━━━━━ MATERIAL FOR THIS EXERCISE ━━━━━

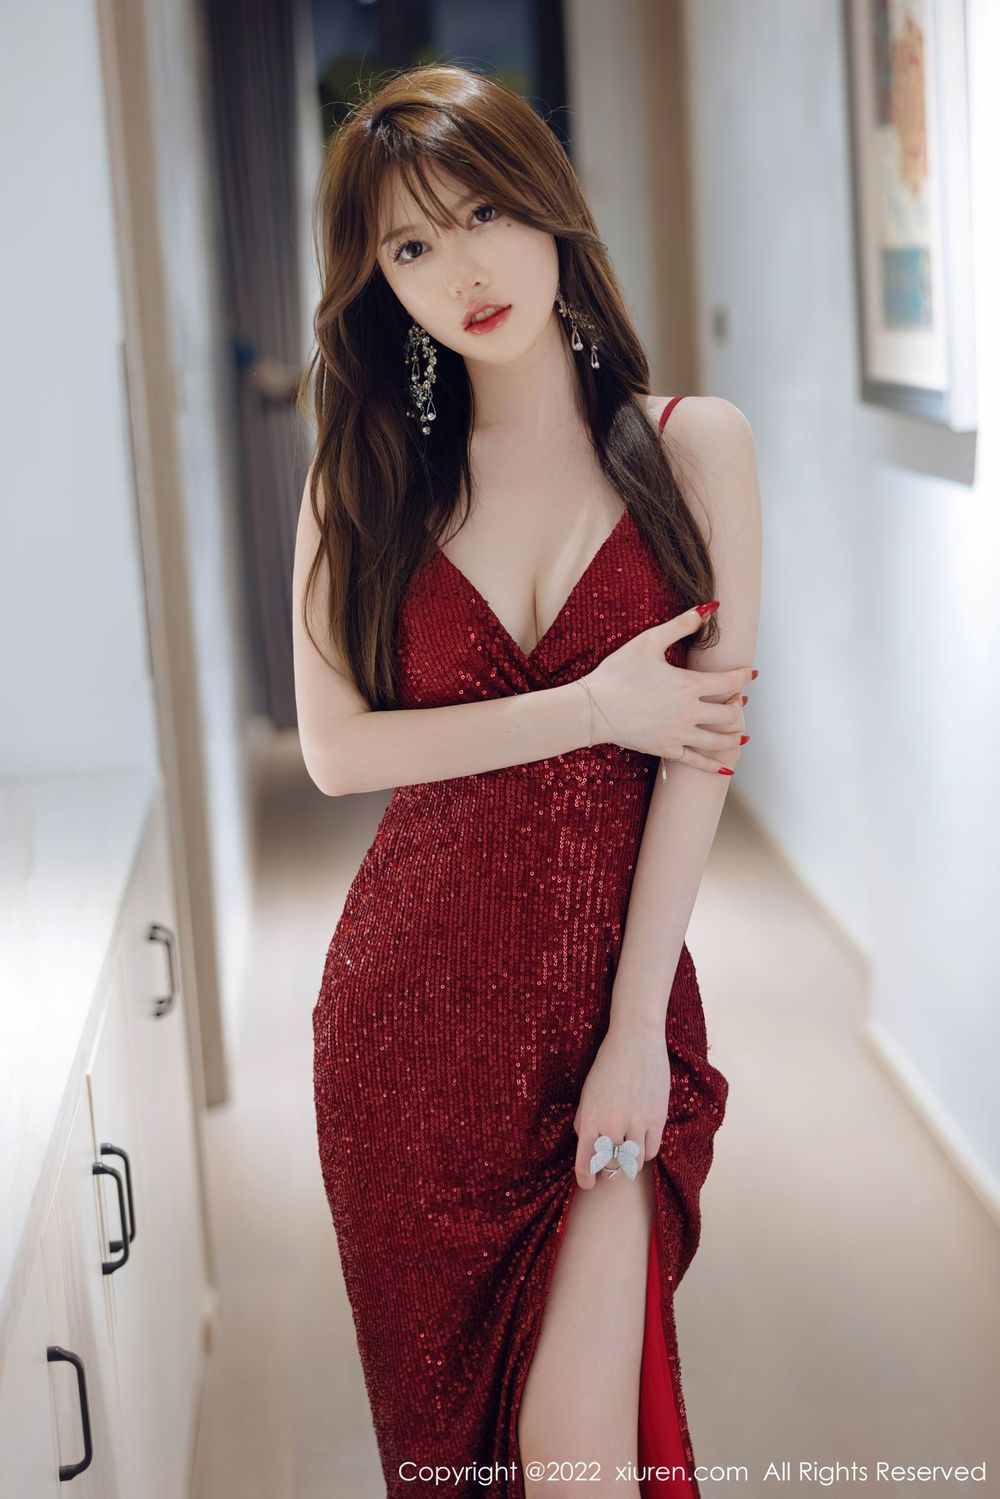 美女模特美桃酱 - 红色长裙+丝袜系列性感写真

━━━━━
━━━━━ MATERIAL FOR THIS EXERCISE ━━━━━

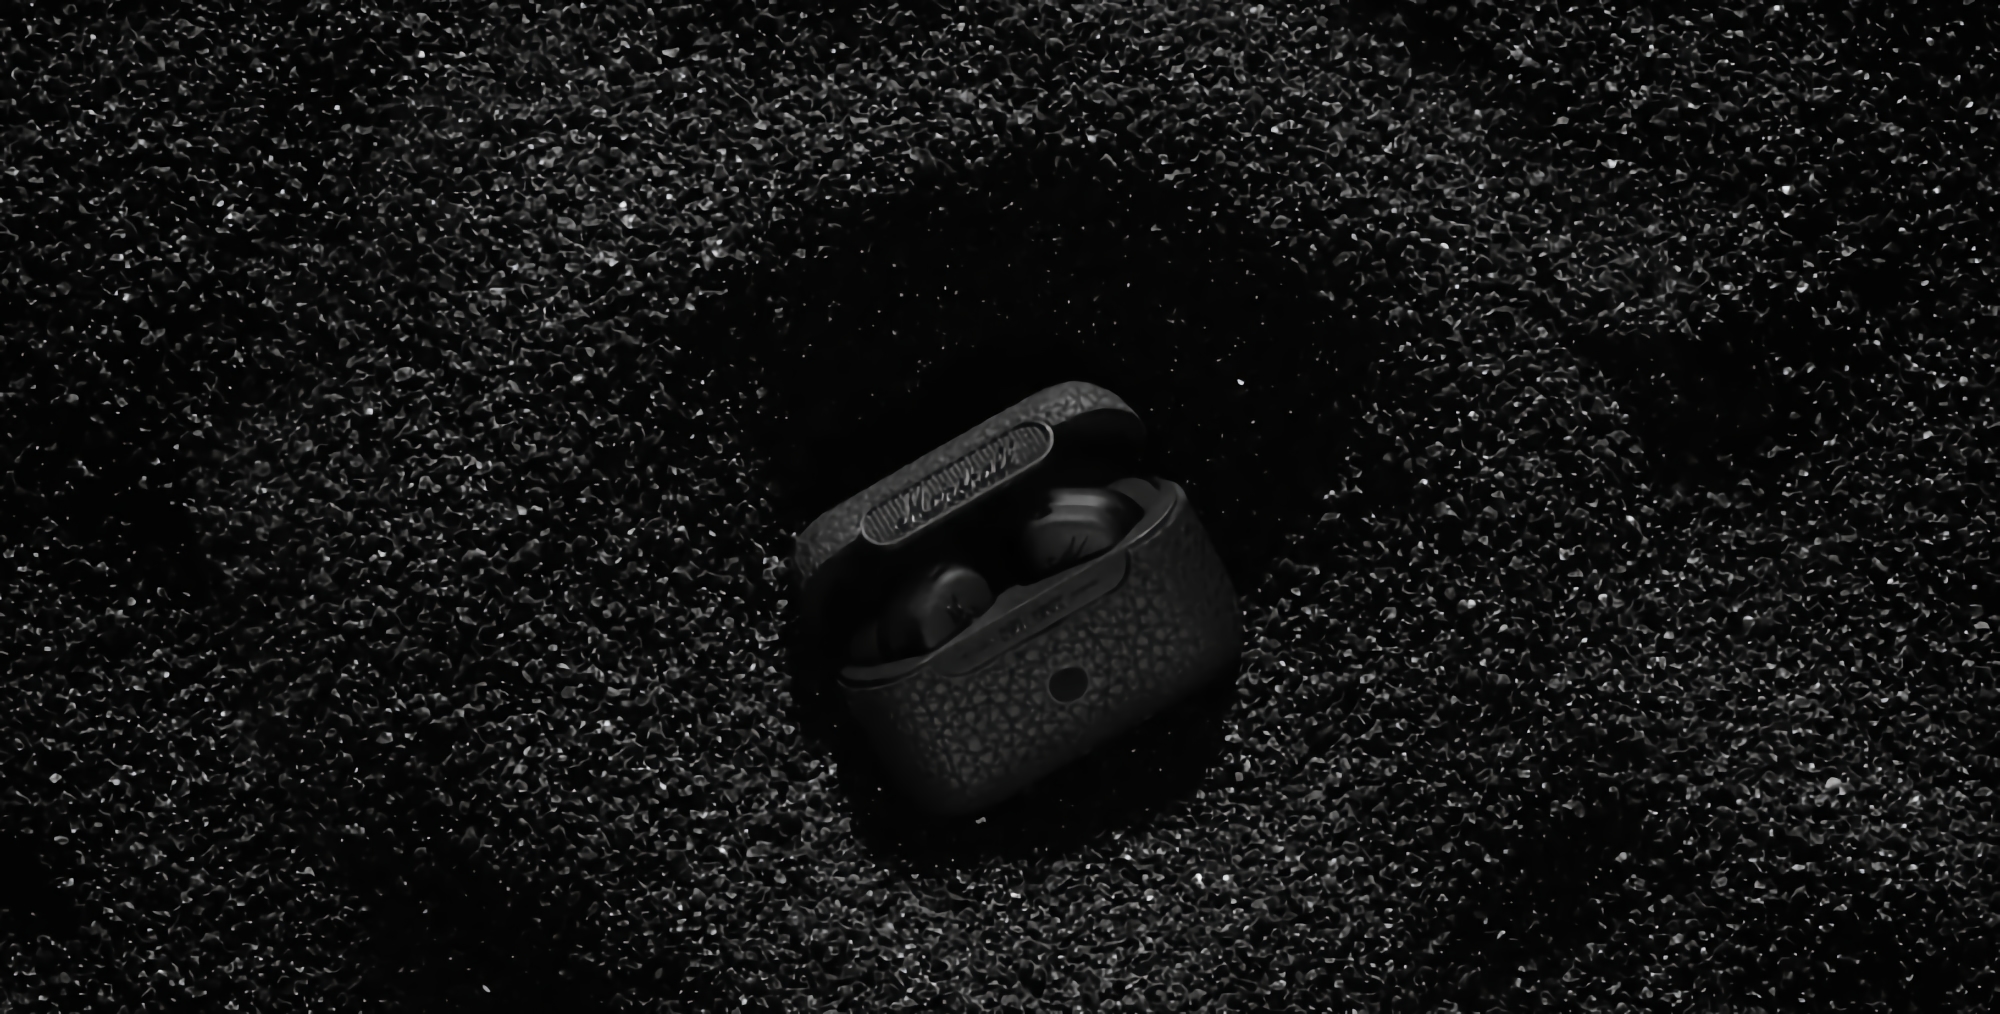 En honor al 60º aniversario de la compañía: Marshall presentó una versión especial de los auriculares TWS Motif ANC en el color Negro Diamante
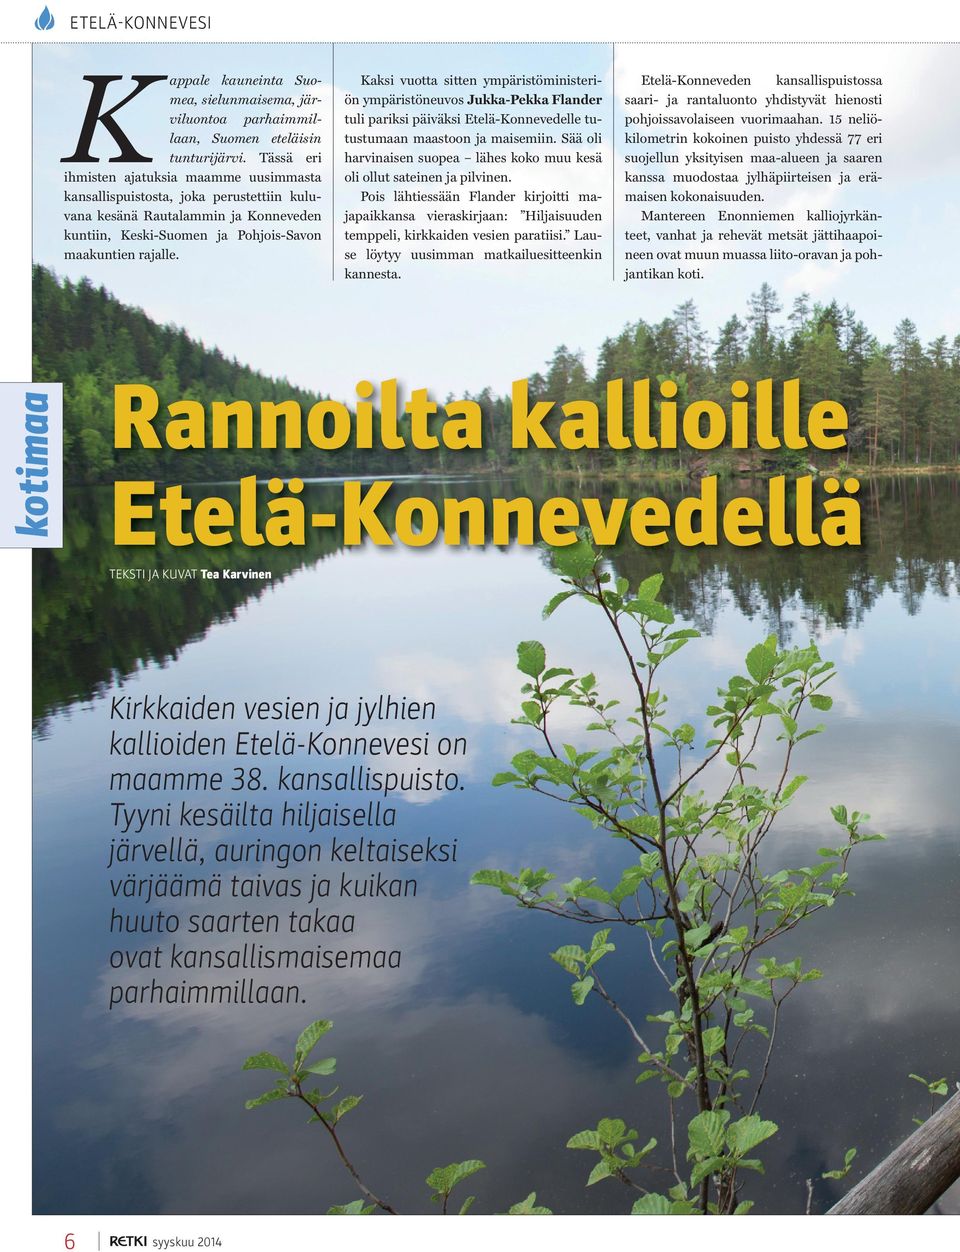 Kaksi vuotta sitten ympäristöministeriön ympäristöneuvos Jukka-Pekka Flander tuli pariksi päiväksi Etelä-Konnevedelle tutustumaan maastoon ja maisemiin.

━━━━━

WHAT YOU WILL DO: Respond with the exact lines above running from the one containing "En honor al" to the one containing "Kaksi vuotta sitten", both ends kept and no pictures included.

EXERCISE OUTPUT:
 En honor al 60º aniversario de la compañía: Marshall presentó una versión especial de los auriculares TWS Motif ANC en el color Negro Diamante
 Kaksi vuotta sitten ympäristöministeriön ympäristöneuvos Jukka-Pekka Flander tuli pariksi päiväksi Etelä-Konnevedelle tutustumaan maastoon ja maisemiin.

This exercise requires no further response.